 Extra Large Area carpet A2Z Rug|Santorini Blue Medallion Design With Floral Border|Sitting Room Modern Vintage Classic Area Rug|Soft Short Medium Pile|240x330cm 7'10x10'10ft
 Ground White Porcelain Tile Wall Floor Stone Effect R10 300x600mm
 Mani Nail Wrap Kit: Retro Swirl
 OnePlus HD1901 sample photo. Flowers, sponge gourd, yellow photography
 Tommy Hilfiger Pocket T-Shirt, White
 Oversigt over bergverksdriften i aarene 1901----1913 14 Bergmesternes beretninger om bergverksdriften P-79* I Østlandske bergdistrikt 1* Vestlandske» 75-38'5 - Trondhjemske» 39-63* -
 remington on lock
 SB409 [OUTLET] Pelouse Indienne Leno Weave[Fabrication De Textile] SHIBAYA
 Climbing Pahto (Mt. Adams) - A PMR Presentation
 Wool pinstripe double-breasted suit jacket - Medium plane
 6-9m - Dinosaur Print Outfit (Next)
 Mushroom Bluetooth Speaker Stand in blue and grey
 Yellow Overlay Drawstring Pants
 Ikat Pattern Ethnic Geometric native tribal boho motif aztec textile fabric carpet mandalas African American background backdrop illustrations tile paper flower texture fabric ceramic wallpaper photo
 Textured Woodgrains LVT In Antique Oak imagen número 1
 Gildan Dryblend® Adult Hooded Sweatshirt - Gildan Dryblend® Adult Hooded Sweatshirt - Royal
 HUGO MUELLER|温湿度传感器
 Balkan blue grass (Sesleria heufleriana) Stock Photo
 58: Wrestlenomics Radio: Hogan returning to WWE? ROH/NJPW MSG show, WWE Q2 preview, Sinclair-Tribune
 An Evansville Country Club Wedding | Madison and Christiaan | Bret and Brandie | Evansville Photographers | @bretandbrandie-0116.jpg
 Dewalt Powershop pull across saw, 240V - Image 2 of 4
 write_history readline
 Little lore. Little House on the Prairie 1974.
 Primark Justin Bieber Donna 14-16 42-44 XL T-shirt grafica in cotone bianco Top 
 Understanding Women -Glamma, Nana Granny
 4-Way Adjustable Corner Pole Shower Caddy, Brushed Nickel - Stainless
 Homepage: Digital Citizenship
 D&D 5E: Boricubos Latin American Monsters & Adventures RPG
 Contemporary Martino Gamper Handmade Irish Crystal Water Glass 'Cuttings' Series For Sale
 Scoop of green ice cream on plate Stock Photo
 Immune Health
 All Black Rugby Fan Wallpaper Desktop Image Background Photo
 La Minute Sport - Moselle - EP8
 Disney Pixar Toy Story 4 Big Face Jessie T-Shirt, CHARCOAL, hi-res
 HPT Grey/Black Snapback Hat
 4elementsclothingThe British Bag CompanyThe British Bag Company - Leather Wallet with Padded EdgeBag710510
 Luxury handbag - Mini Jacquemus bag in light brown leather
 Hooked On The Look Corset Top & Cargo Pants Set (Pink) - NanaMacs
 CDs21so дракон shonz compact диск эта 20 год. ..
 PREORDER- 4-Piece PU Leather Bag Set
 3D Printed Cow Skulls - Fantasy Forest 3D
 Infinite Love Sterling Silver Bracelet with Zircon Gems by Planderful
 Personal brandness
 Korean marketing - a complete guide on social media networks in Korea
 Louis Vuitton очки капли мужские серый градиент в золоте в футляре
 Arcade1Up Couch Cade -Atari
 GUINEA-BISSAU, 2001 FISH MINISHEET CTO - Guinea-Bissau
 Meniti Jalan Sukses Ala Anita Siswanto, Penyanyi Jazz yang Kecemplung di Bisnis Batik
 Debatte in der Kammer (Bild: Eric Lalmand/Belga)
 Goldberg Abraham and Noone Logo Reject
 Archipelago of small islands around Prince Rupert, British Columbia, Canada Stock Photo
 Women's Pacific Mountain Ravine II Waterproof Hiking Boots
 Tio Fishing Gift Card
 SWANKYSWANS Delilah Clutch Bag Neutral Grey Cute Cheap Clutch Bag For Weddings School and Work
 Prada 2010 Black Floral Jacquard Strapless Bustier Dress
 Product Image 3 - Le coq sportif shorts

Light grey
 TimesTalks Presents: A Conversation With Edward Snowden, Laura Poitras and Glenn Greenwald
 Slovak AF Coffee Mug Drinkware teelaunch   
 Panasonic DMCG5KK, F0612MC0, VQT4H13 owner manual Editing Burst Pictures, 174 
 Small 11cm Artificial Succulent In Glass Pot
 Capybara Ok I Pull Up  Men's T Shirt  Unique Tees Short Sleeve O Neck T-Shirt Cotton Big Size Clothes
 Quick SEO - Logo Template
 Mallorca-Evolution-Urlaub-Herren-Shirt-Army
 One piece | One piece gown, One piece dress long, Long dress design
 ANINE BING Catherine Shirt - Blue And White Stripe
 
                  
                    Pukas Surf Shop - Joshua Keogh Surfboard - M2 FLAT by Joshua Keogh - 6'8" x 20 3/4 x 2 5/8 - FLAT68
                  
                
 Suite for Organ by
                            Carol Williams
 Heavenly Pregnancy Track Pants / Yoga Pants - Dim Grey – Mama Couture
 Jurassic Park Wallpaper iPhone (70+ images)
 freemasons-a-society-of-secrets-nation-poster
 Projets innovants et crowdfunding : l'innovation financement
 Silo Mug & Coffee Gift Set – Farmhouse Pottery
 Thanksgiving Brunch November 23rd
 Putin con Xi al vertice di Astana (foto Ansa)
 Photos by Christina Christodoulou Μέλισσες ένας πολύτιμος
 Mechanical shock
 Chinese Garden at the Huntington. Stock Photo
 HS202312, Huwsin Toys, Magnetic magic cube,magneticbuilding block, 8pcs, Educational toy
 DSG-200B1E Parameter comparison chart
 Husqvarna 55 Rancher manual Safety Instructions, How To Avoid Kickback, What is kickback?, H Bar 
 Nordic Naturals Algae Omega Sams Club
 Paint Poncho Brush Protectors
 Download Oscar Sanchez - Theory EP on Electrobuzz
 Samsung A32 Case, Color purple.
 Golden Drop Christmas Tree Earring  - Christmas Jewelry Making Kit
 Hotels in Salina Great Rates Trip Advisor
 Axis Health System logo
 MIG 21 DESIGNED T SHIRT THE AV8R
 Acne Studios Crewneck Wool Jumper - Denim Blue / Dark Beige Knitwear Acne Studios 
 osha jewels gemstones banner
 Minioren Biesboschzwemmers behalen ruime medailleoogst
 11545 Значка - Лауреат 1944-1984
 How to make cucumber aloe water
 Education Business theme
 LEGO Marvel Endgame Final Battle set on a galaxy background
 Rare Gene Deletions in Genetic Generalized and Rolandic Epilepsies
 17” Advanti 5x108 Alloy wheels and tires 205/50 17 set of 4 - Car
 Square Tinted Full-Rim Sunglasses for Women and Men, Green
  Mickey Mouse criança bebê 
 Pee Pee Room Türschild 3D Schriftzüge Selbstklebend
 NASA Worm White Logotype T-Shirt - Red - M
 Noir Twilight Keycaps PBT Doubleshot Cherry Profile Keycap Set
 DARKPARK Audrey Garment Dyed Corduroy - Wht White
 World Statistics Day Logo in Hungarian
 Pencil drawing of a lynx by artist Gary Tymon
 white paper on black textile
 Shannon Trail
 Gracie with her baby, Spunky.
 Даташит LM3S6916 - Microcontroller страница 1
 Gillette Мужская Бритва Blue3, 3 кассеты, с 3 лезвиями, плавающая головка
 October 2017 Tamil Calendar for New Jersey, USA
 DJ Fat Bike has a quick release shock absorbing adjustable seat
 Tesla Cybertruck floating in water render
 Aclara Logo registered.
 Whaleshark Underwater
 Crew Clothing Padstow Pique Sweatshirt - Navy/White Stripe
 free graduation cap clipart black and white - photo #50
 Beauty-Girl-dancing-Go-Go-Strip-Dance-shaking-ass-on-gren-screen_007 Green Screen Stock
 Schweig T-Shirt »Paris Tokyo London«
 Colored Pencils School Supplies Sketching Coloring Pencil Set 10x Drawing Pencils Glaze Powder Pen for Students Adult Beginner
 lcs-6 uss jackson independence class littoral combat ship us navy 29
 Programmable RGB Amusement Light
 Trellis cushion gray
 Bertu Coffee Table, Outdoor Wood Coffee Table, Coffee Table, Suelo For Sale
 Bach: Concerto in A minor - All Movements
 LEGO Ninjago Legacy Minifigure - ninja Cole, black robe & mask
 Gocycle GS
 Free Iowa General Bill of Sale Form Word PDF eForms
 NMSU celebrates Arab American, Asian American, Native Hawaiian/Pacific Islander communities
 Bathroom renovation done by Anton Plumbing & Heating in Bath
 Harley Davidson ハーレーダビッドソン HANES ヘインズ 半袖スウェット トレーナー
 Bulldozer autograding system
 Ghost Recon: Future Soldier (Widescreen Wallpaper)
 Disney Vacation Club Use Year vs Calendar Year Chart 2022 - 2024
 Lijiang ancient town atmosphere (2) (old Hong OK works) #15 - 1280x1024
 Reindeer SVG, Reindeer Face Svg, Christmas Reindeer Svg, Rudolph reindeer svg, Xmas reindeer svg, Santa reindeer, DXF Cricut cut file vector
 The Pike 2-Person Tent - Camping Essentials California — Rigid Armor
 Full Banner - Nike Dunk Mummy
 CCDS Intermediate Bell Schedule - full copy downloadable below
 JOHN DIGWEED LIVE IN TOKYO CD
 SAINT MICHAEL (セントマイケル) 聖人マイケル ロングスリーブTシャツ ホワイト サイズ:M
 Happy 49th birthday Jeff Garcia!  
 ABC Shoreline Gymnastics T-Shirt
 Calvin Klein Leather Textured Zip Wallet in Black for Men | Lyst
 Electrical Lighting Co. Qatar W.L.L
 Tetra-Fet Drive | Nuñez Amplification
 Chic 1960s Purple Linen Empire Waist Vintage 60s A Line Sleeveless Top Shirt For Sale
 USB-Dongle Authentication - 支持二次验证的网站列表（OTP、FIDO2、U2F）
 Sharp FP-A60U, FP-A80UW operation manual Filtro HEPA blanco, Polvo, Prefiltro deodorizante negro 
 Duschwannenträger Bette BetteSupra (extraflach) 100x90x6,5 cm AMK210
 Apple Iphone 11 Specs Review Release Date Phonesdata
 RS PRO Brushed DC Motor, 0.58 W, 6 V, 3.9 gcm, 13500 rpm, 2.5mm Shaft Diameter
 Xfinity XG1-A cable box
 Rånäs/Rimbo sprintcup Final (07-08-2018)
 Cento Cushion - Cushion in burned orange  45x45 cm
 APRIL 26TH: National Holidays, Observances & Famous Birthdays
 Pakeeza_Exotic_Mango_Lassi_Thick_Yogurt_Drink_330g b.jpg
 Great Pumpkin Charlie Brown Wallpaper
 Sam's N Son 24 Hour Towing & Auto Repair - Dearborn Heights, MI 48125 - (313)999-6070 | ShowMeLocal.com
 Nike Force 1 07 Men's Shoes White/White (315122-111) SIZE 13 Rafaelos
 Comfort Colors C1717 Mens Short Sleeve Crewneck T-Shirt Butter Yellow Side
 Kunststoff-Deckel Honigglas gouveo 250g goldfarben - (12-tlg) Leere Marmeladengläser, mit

# # #

**Task requirements:**
From the data above, output only the lines between the line containing "CCDS Intermediate Bell" and the line containing "USB-Dongle Authentication - 支持二次验证的网站列表（OTP、FIDO2、U2F）", inclusive, exactly as written.

**Result of this exercise:**
 CCDS Intermediate Bell Schedule - full copy downloadable below
 JOHN DIGWEED LIVE IN TOKYO CD
 SAINT MICHAEL (セントマイケル) 聖人マイケル ロングスリーブTシャツ ホワイト サイズ:M
 Happy 49th birthday Jeff Garcia!  
 ABC Shoreline Gymnastics T-Shirt
 Calvin Klein Leather Textured Zip Wallet in Black for Men | Lyst
 Electrical Lighting Co. Qatar W.L.L
 Tetra-Fet Drive | Nuñez Amplification
 Chic 1960s Purple Linen Empire Waist Vintage 60s A Line Sleeveless Top Shirt For Sale
 USB-Dongle Authentication - 支持二次验证的网站列表（OTP、FIDO2、U2F）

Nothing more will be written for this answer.